There has been recently an intense interest in verification and validation of large-scale simulations and in quantifying uncertainty, and several workshops have been organized to address this subject. Characterization of uncertainty is a complex subject in general, but it can be roughly classified as numerical uncertainty and physical uncertainty. The former includes spatiotemporal discretization errors, errors in numerical boundary conditions (e.g., outflow), errors in solvers or geometry description, etc. On the other hand, physical uncertainty includes errors due to unknown boundary and initial conditions, imprecise transport coefficients or interaction terms, insufficient knowledge of the flow geometry, approximate constitutive laws, etc. Coupled problems involving source and interaction terms tend to be particularly difficult to simulate even deterministically, so providing error bars for such solutions is an even more difficult task. Uncertainty can also be characterized as epistemic, i.e., reducible, or as irreducible. For example, if much finer simulations are performed or better experiments with higher resolution instruments are conducted, that will provide more accurate boundary conditions. This will reduce the uncertainty level. But even in such cases, and certainly in many simulations of realistic configurations, uncertainty is irreducible beyond some level due to insufficient detail of input, e.g., background turbulence and random roughness. There are no absolutely quiet wind tunnels and the ocean or the atmosphere are not quiet environments either.
Progress, however, has been made. With regards to numerical uncertainty, accuracy tests and error control have been employed in simulations for some time now, at least for the more modern discretizations. While fully-adaptive simulations are limited to some demonstration examples at the moment, at least the algorithmic framework and mesh generation technology exists for routine adaptive CFD in the near future. Also, a posteriori error bounds and other post-processing tools are available and are used (albeit not very often) in CFD. To this end, the editorial policy statement on the control of numerical accuracy that JFE pioneered in 1986 along with more recent enhancements, has positively influenced the field.
With regards to physical uncertainty, it is only recently that a systematic effort has been made to address it. Most of the effort in CFD research so far has been in developing efficient algorithms for different applications, assuming an ideal input with precisely defined computational domains. With the field reaching now some degree of maturity, we naturally pose the more general question of how to model uncertainty and stochastic input, and how to formulate algorithms so that the simulation output reflects accurately the propagation of uncertainty. That is, in addition to a posteriori error bounds, the new objective is to model uncertainty from the beginning of the simulation and not simply as an afterthought. Stochastic simulations have been going on in solid mechanics for some time now, especially in the finite elements community, so in that respect CFD is about ten years behind! But stochastic CFD simulations have begun, and the first results have provided very valuable information, as shown in the figure.

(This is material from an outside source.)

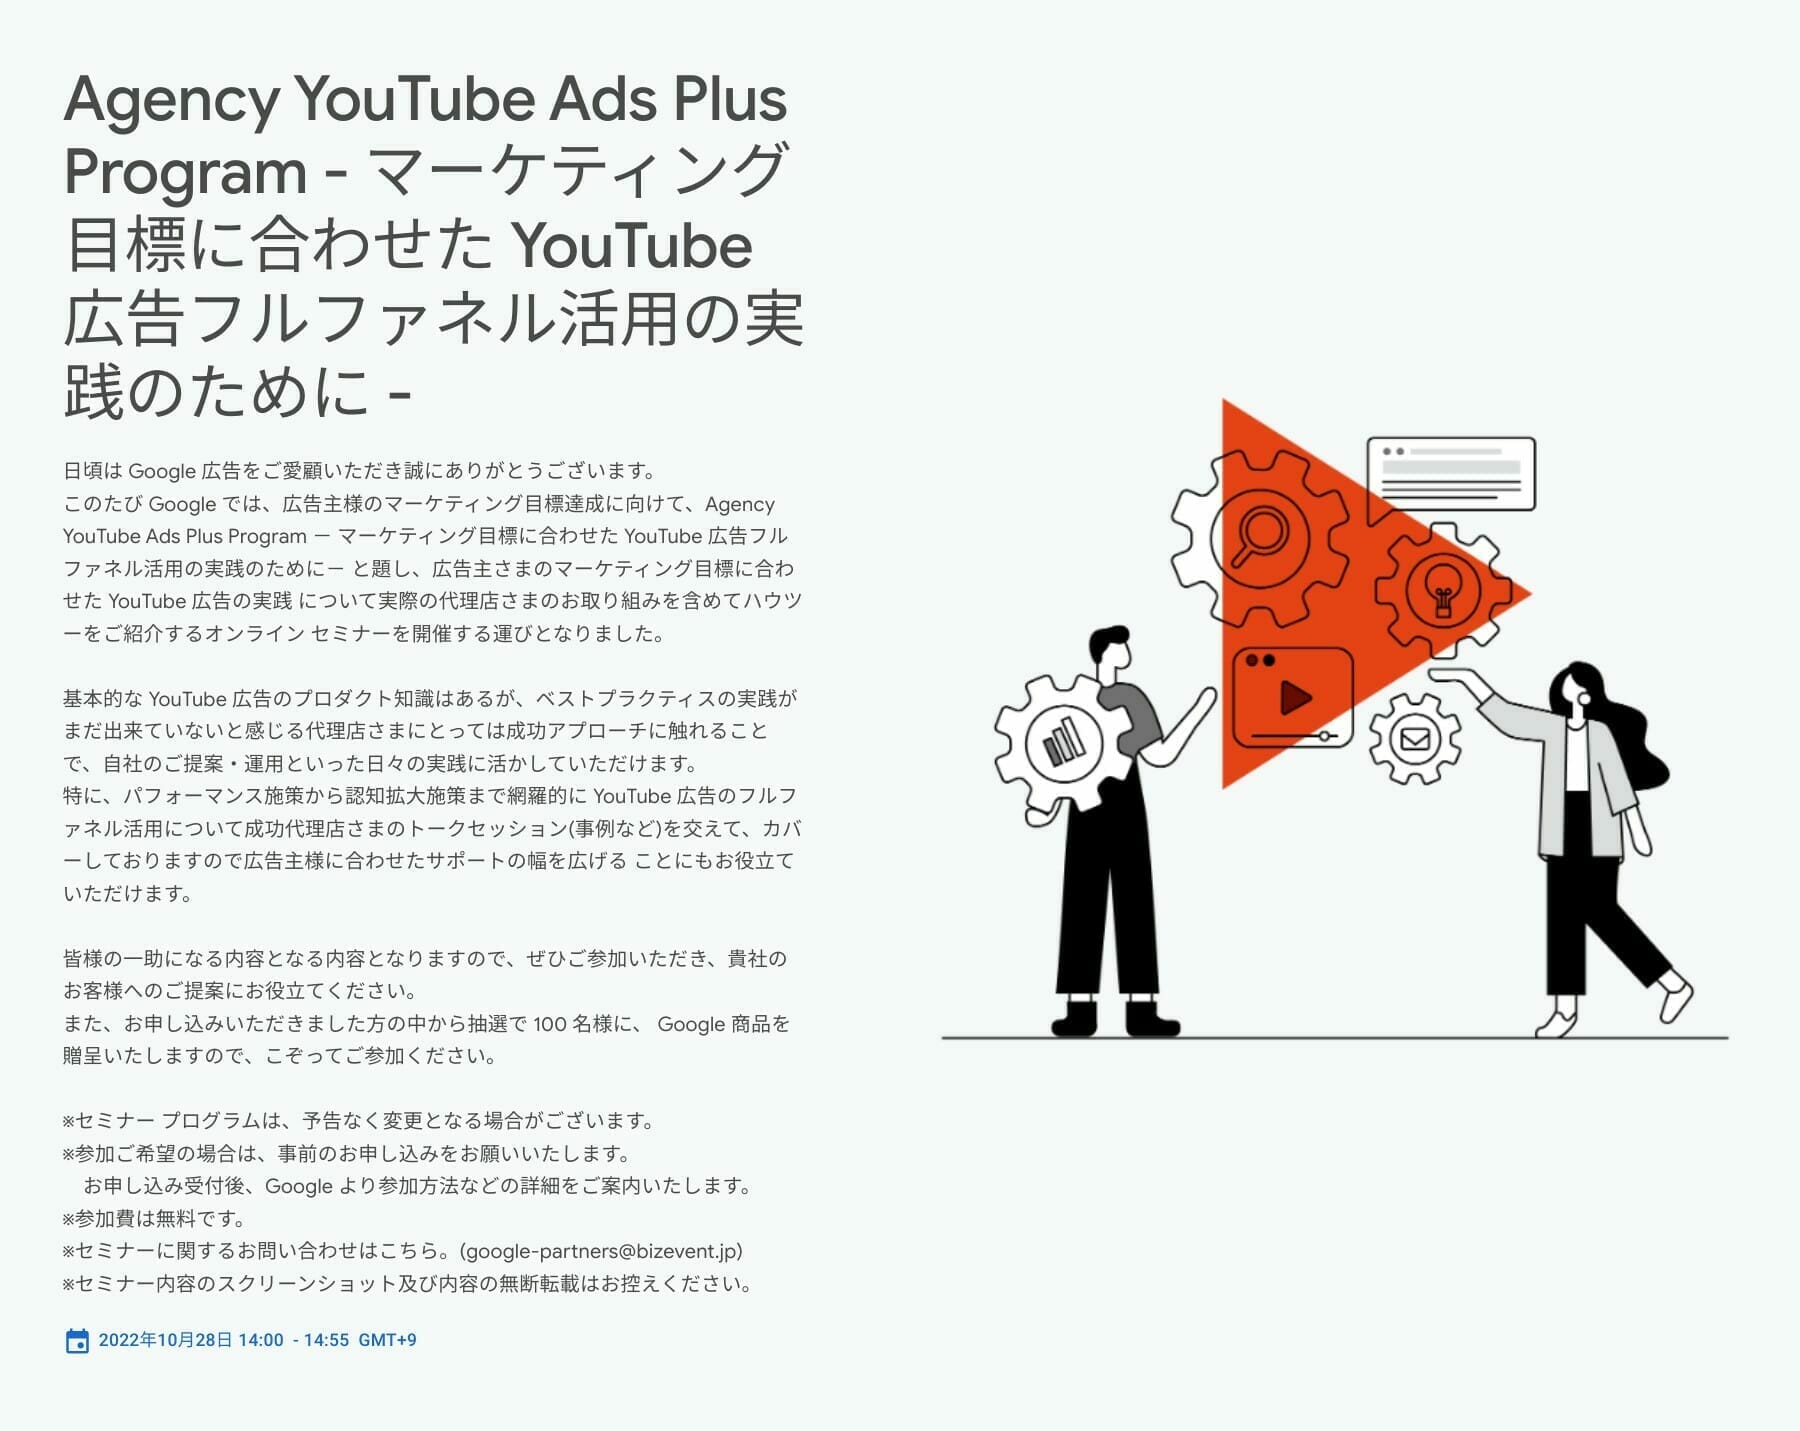 [Google Ads] Agency YouTube Ads Plus Program - マーケティング目標に合わせた YouTube 広告フルファネル活用の実践のために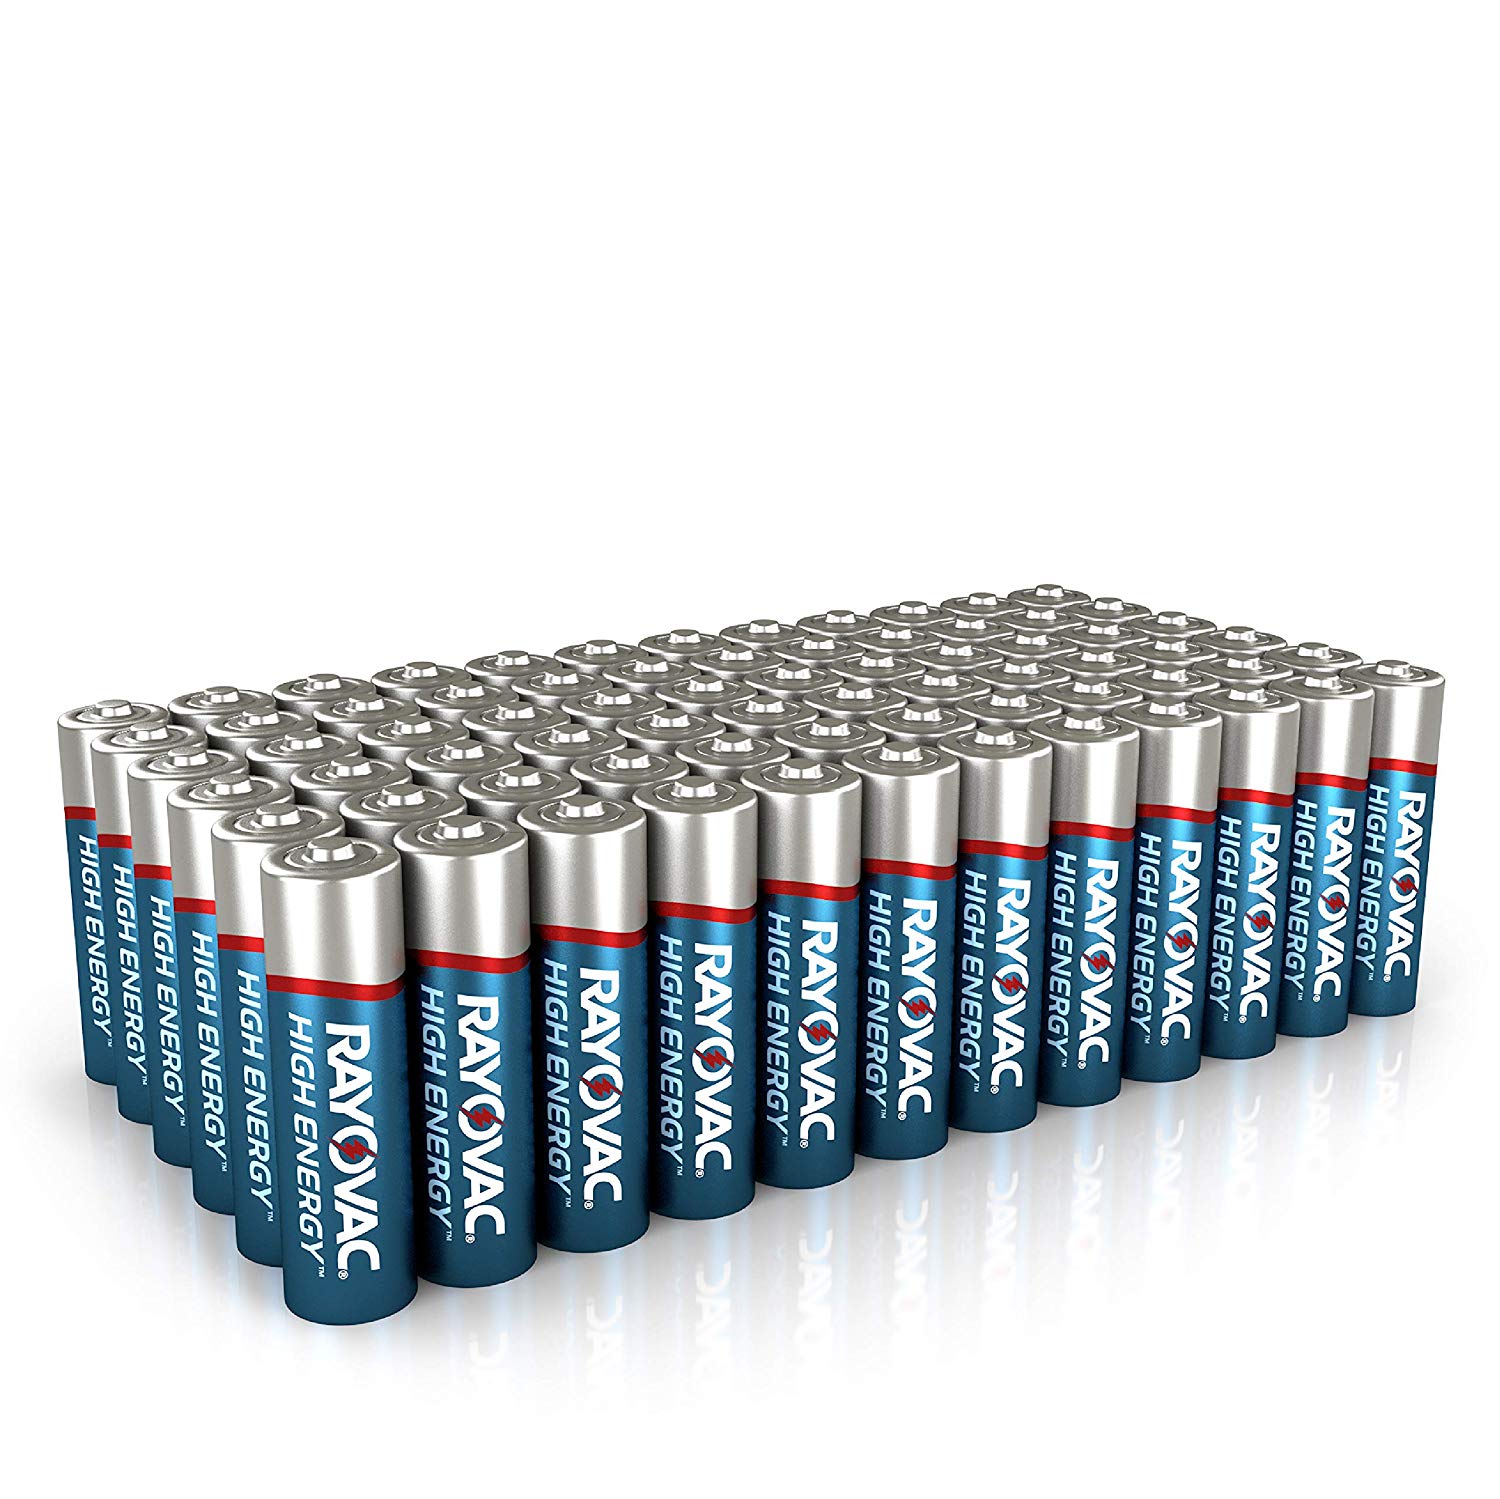 Rayovac AA batteries

This special issue of JFE on quantifying uncertainty in CFD is in response to such pressing needs as error bars in CFD, and for reliable answers even for “nonsterilized” problems. The eight invited papers address both numerical accuracy and physical uncertainty issues. They present different techniques and sometimes diverse philosophies, as this is a new field and no absolute consensus exists at the moment.
The first paper by Roache presents a straightforward approach to verification of codes by using manufactured solutions. Roache has been a long-time advocate of verification and validation in CFD and he presents here an overview and new clarifications of his previous work. Of particular interest is the blind study work that he reviews, where his proposed method of manufactured solutions was employed for correcting an intentionally sabotaged code.
The second and third papers deal with numerical accuracy as well. In particular, the paper by Cadafalch et al. is a comprehensive study of solution errors in finite volumes, and addresses laminar flows, turbulent flows with two-equations models, and reactive flows at steady state. The generalized Richardson extrapolation is employed and the grid convergence index is used along with other metrics for providing local and global estimators. The next paper by Pozrikidis addresses convergence of boundary element methods in the presence of sharp corners. This is a notoriously hard problem for any discretization (e.g., Motz problem in finite elements) and the paper presents an effective way of distributing the elements in a geometric fashion to restore uniform convergence.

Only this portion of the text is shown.